■ **Work order**: The material beneath this line should be printed exactly, with its pictures omitted.

■ **Data segment**:
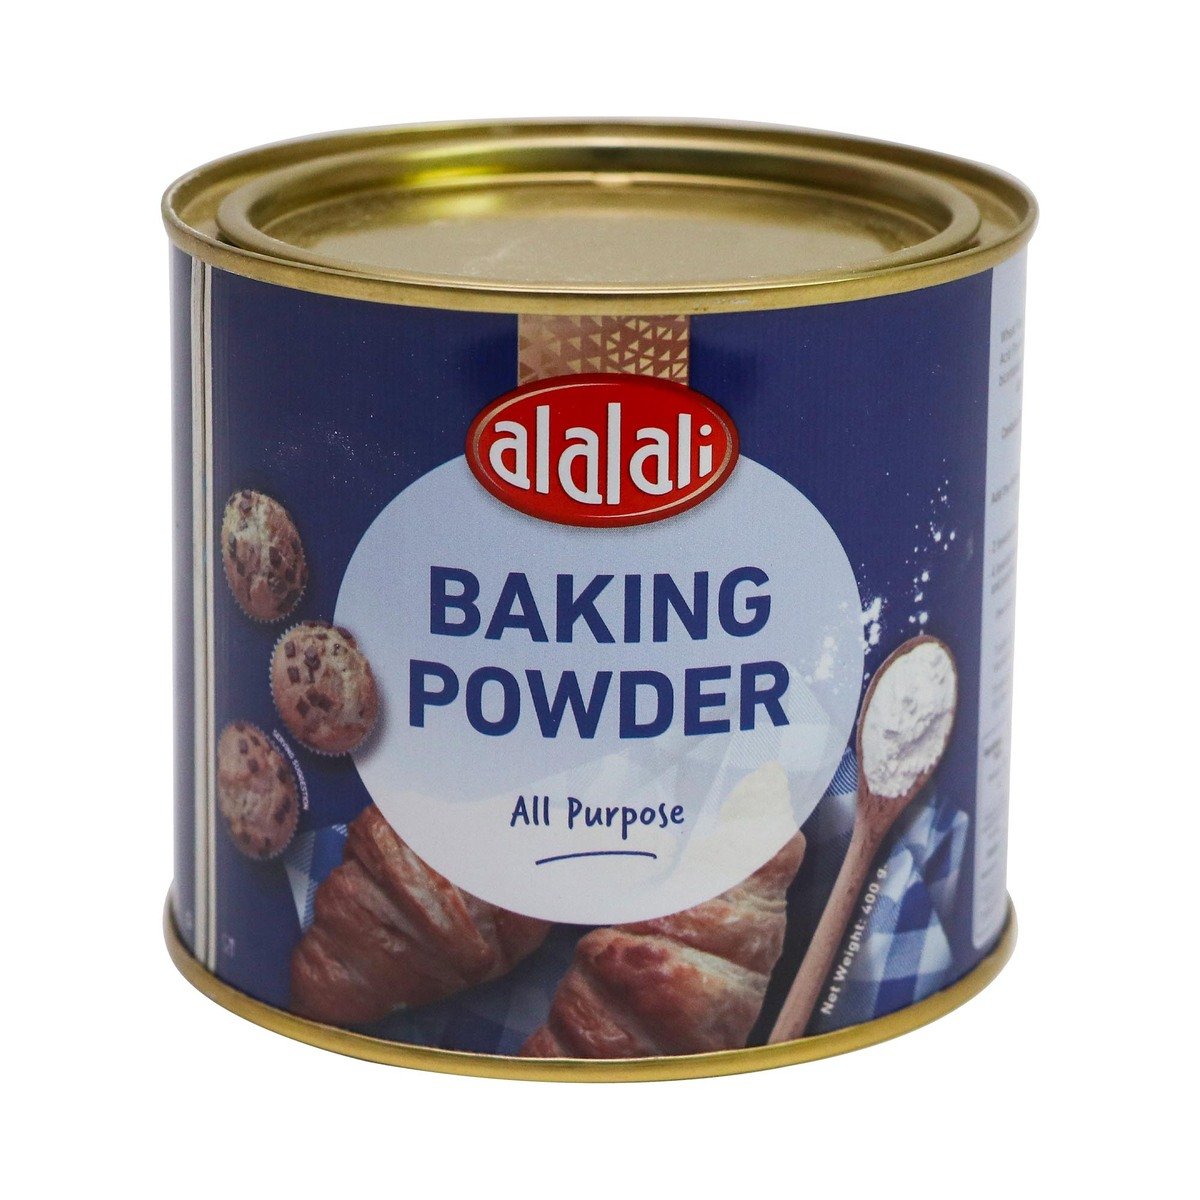 اشتري قم بشراء العلالي مسحوق الخبز 400 جم Online at Best Price من الموقع - من لولو هايبر ماركت Baking Powder في السعودية
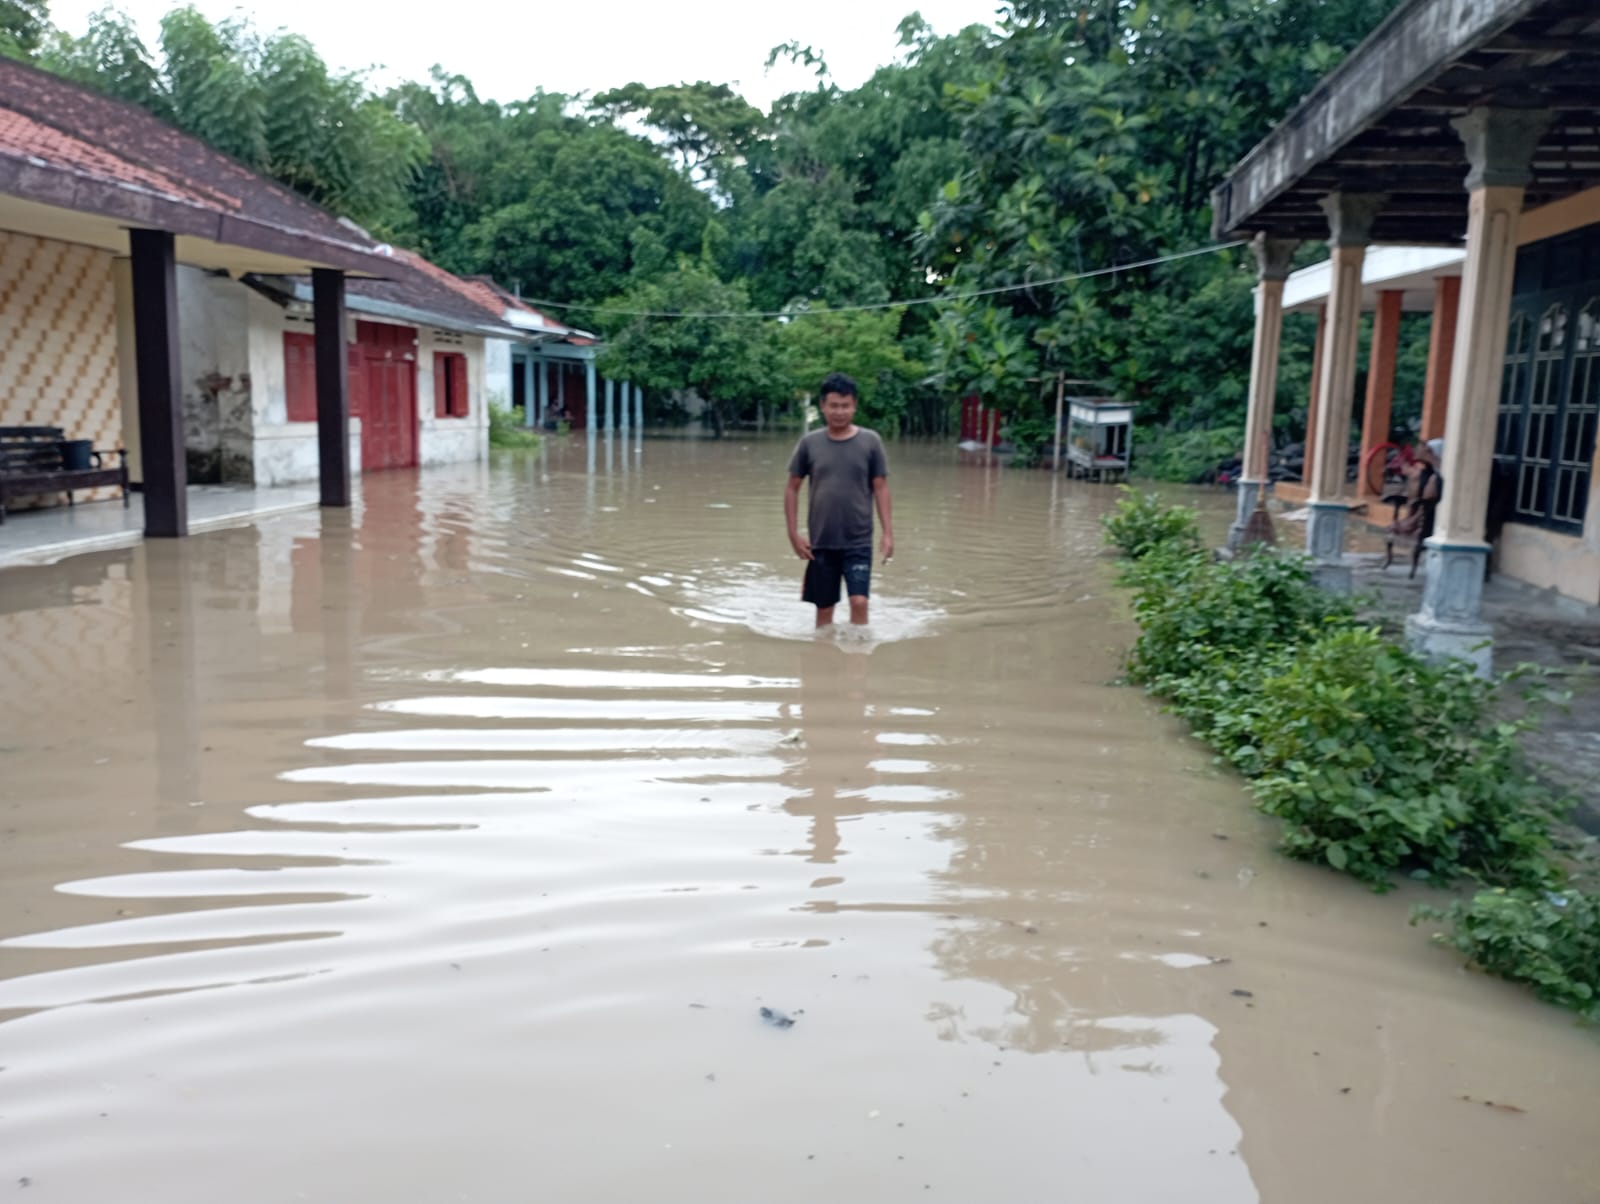 Banjir Merendam Pemukiman Warga di Brebes, 3 KK Bahkan Sempat Mengungsi
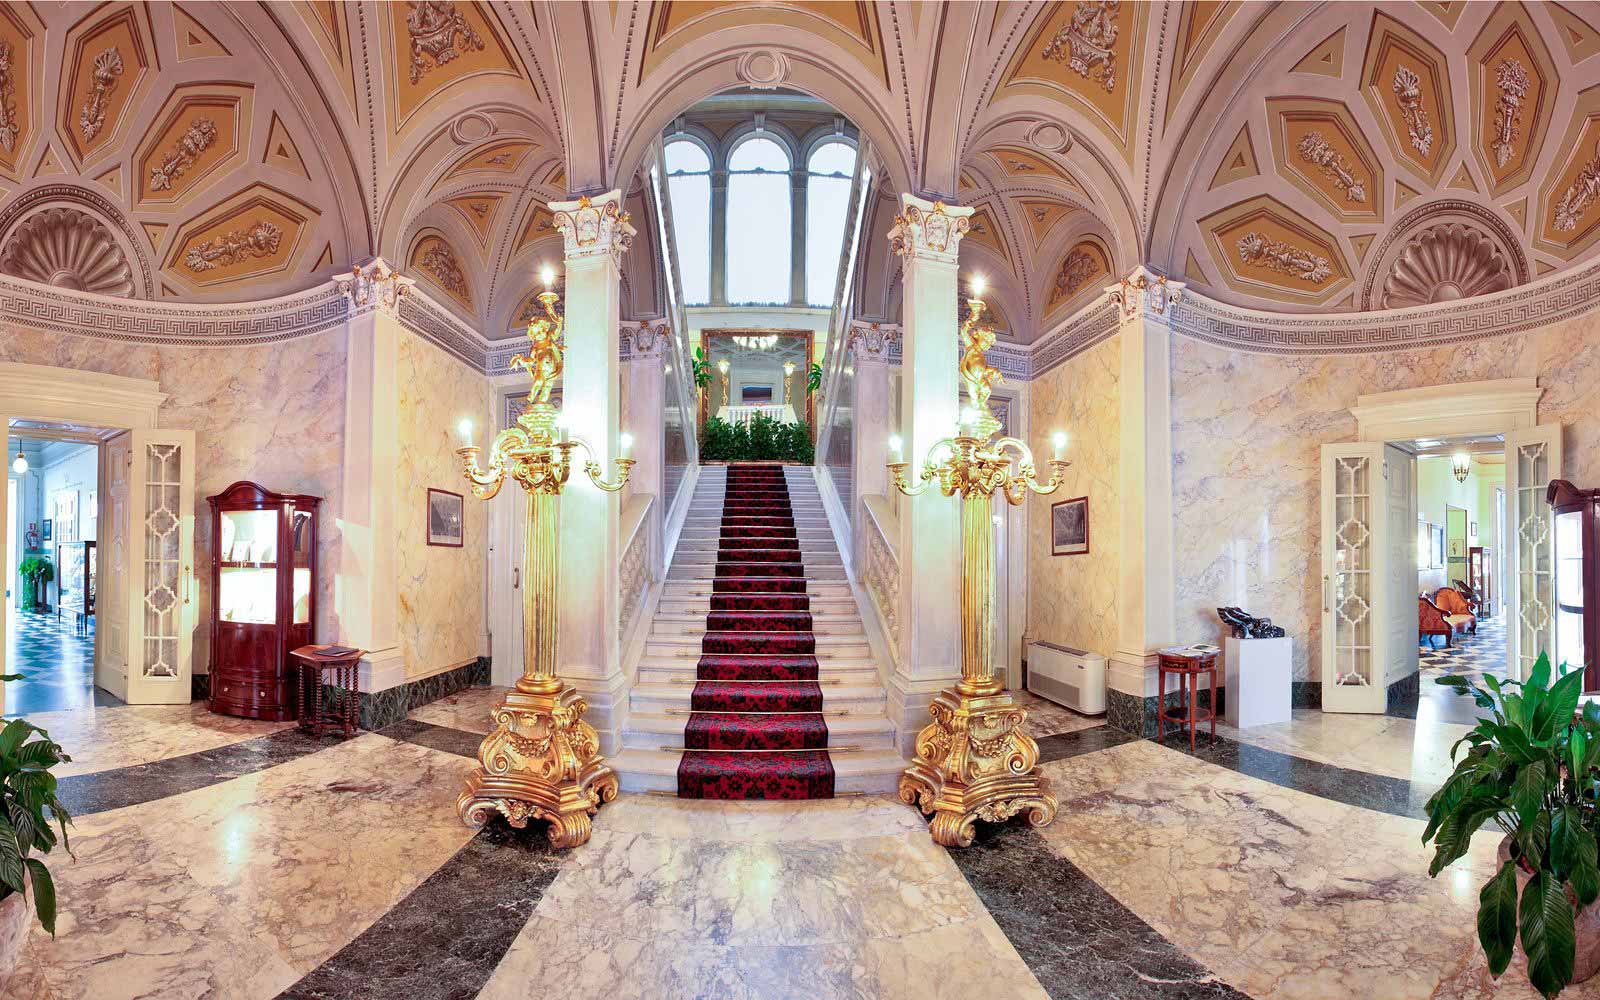 Reception hall at Grand Hotel Villa Serbelloni

■ **Response area**:
 اشتري قم بشراء العلالي مسحوق الخبز 400 جم Online at Best Price من الموقع - من لولو هايبر ماركت Baking Powder في السعودية
 Banjir Merendam Pemukiman Warga di Brebes, 3 KK Bahkan Sempat Mengungsi
 Reception hall at Grand Hotel Villa Serbelloni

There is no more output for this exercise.